Most of our clients, irrespective of company sizes, believe that the power to manage conversations can directly impact compliance assessment and reduce client-business friction. This can be the gamechanger for legal teams. Seamless communication produces faster, more contextualized and accurate handovers and reduces conversion time. Not only does that mean more efficient collaboration, it also means better relations with the associated functions. Win-win.
People prioritization
It is important to note that despite all process innovations, true agility is unachievable without a stable, operational team culture that is bred out of an ethos of support and consideration. Legal professionals have long been working in an environment that has historically rewarded labour and not output. They should also be encouraged to robotize low-complexity work and take more control of activities that need considerable cognition and can make their value more visible to the organization.
For legal teams to be able to directly grow businesses, management units must actively aid in removing this notion and its associated hubris. Manual review of documentation and contracts running into 100s pages in an attempt to find risks and non-compliance to standards. Using AI tools will bring down these hours giving lawyers time to focus on their core functions.
The difference between good and great teams is not just in tool upgradation, it is in truly evolving the people within the unit. In-house legal teams therefore must be ordained with acute training around legal evolution, adoption to approach and process changes, and the significant bearings of changes in law enforcement in local and global markets. They must also be given greater involvement in the procedure of developing AI and tech-focused solutions instead of being driven by manual operations.

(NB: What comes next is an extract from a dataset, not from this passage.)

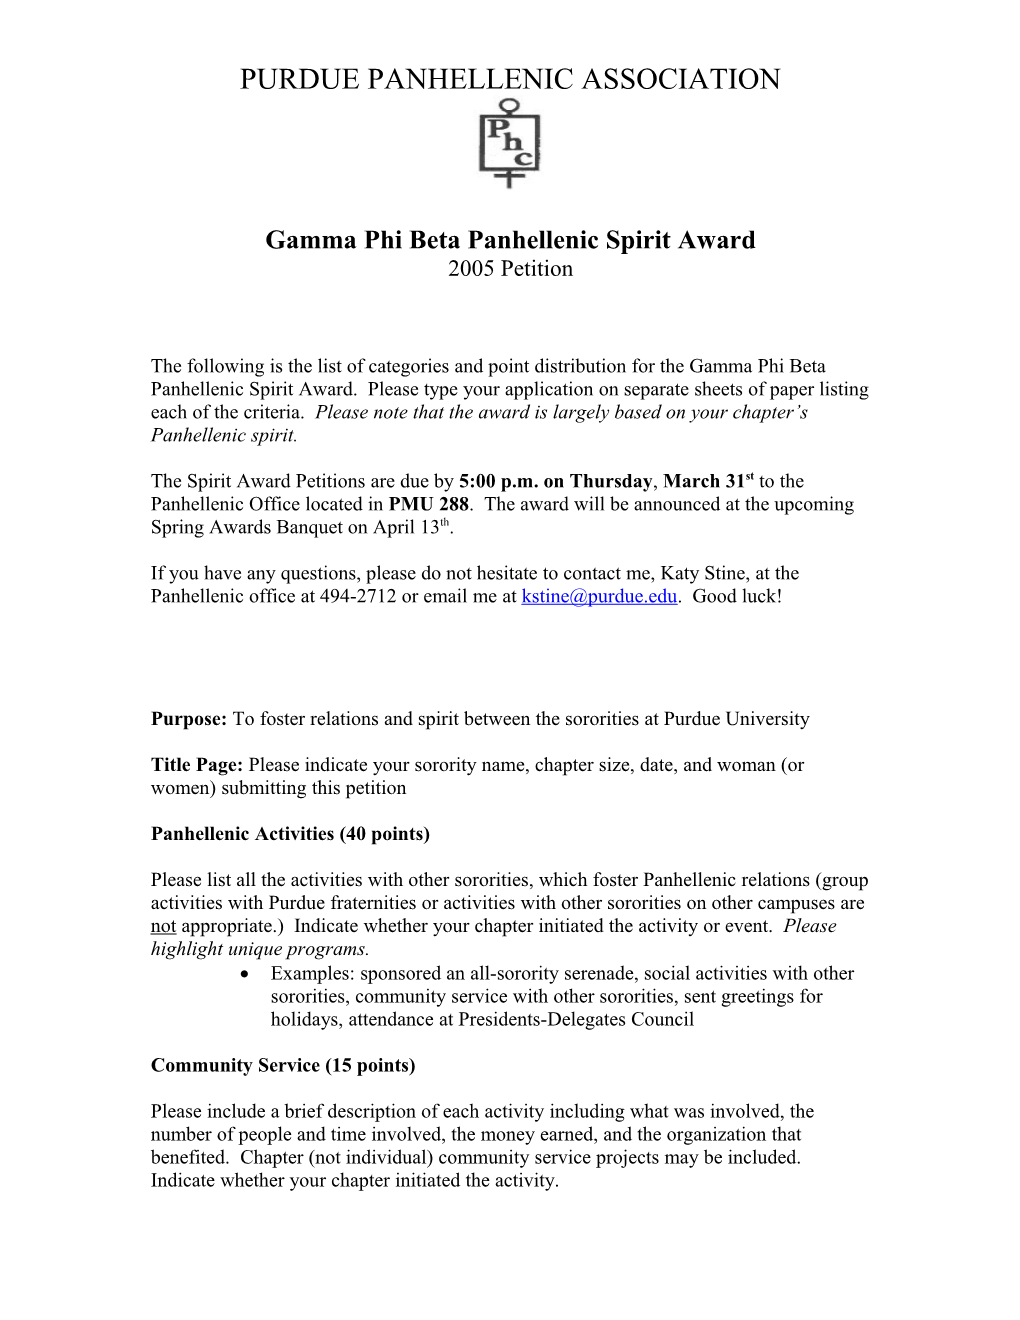 Gamma Phi Beta Panhellenic Spirit Award

In addition, there should also be pedagogical intervention to improve the softer, emotive aspects of their occupation through work prioritization, skill-building and the promotion of work-life equilibrium.
An unforeseen pandemic and its equally unprecedented implications on healthcare, business, and economy are nature’s way of driving realization that the no pre-established strategy holds mettle in the face of a crisis, and hence most durable teams must always learn to modify themselves frequently. It is now time that legal teams do it too.